Czwórka z przodu za diesel i benzynę
Ostatnie dni to widoczny spadek ceny ropy na giełdzie. To nie przypadek, bowiem właśnie toczą się kolejne bardzo ważne rozmowy między Stanami Zjednoczonymi a Iranem. Kto je śledzi wie, że to już ich kolejna tura w ostatnich miesiącach i bardzo prawdopodobne, że nie ostatnia. Chodzi o nawiązanie porozumienia, które zniesie sankcje i wprowadzi ropę z Iranu na rynek Amerykański i Europejski.
Najważniejsze dla wszystkich jest to, że porozumienie jest coraz bliżej. Wedle informacji coraz mniej jest sporów i zostały już ostatnie. Chodzi między innymi o termin zniesienia sankcji na Iran i tego, które wirówki w tym kraju mogłyby działać. Każdej ze stron zależy na tym, aby w końcu ogłosić pozytywne zakończenie rozmów.
Jeżeli tak się stanie wówczas na rynek trafi około 1 mln baryłek dziennie w ciągu kilku najbliższych miesięcy! To ogromna ilość, która sprawi, że cena za diesel i benzynę spadnie – i to znacząco. Całkiem możliwe, że przy dużej podaży zejdzie ona do poziomu poniżej 5 złotych.

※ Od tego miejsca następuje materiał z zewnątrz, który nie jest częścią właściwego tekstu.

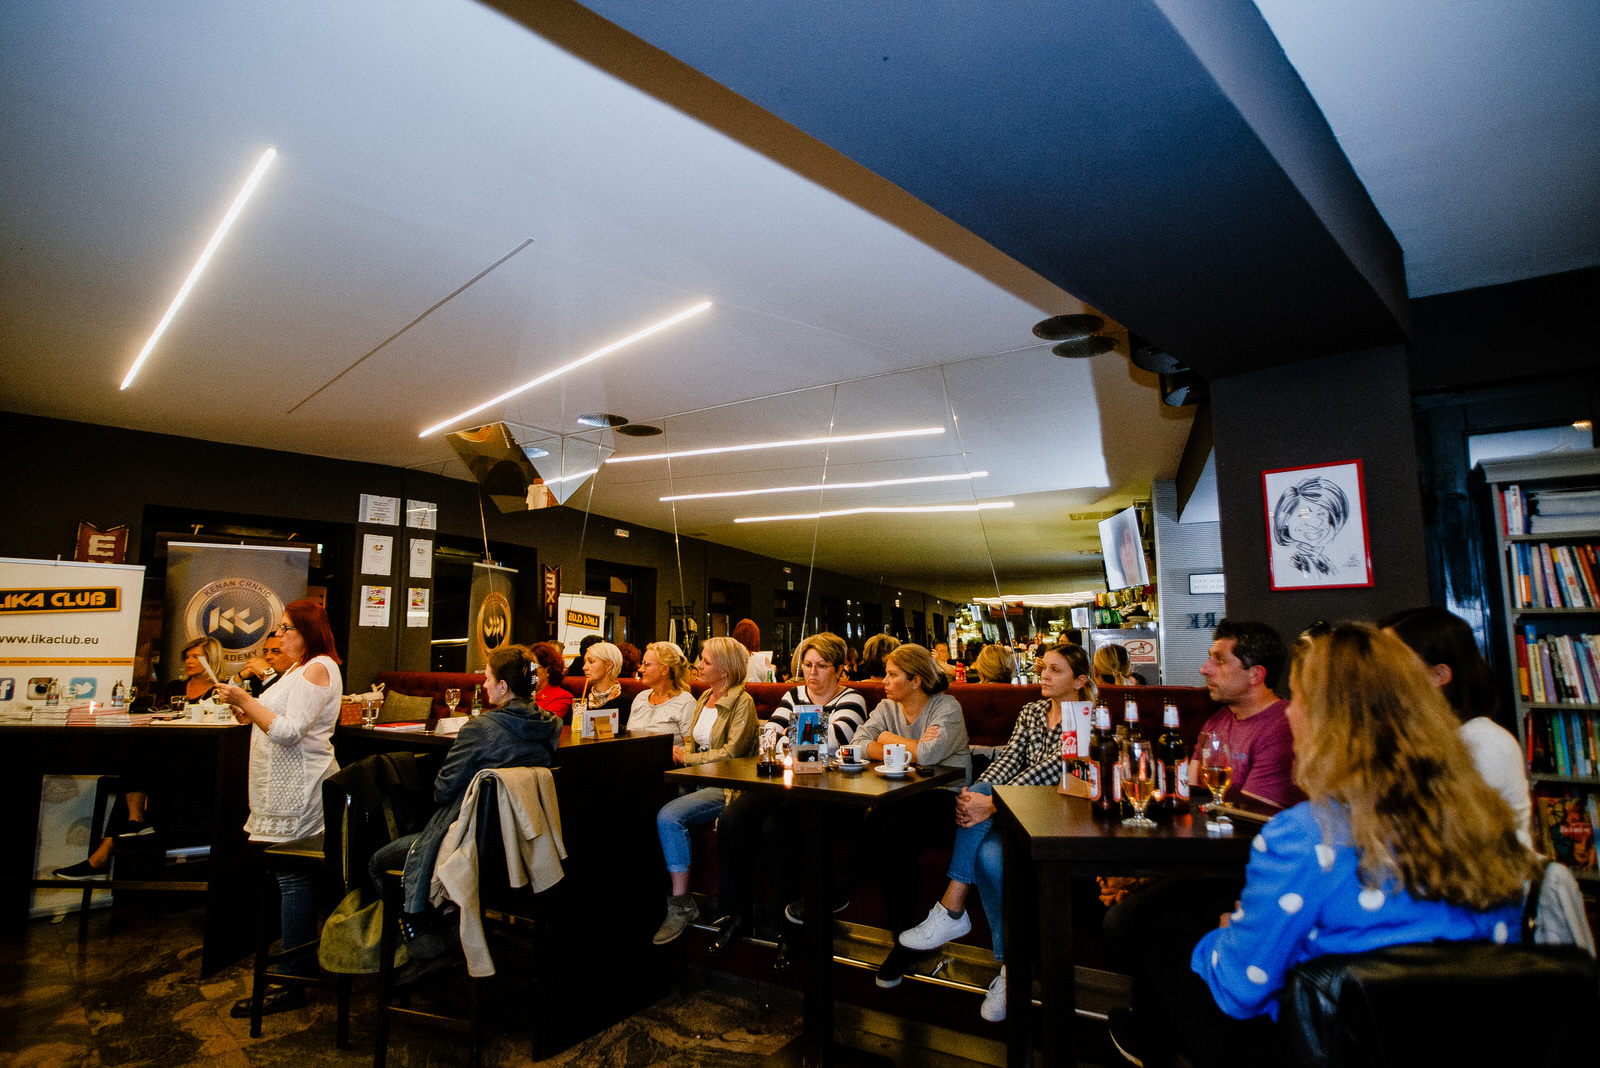 likaclub_otočac_book-caffe-paradisso_kenan-crnkić_2019-19

Zwłaszcza, że pomoże w tym tarcza antyinflacyjna. Odbije się to także na spadku ceny LPG.
Ameryka traci zapasy
W ostatnim czasie Stany Zjednoczone dość chętnie sięgają po swoje zapasy, aby ograniczyć rosnące ceny paliw. Dlatego też są one bardziej skłonne pójść na możliwe ustępstwa, aby zapanować nad sytuacją tego, jaką wartość osiąga diesel i benzyna na stacjach. Tym bardziej, że jak wiadomo w Ameryce wystarczy iskra, aby społeczeństwo wyszło na ulice.
Zniesienie sankcji odczujemy również w Europie w tym w Polsce. Ceny hurtowe zaczną iść w dół, a cena za baryłkę na giełdzie także zacznie spadać. Ropy będzie po prostu tak dużo, że nie będzie potrzeby sprzedawania jej drogo, co obecnie ma miejsce. OPEC+ nie będzie w stanie już dyktować w pełni swoich warunków. Pozostaje czekać, aż informacja na którą czeka cały świat, zostanie w końcu ogłoszona.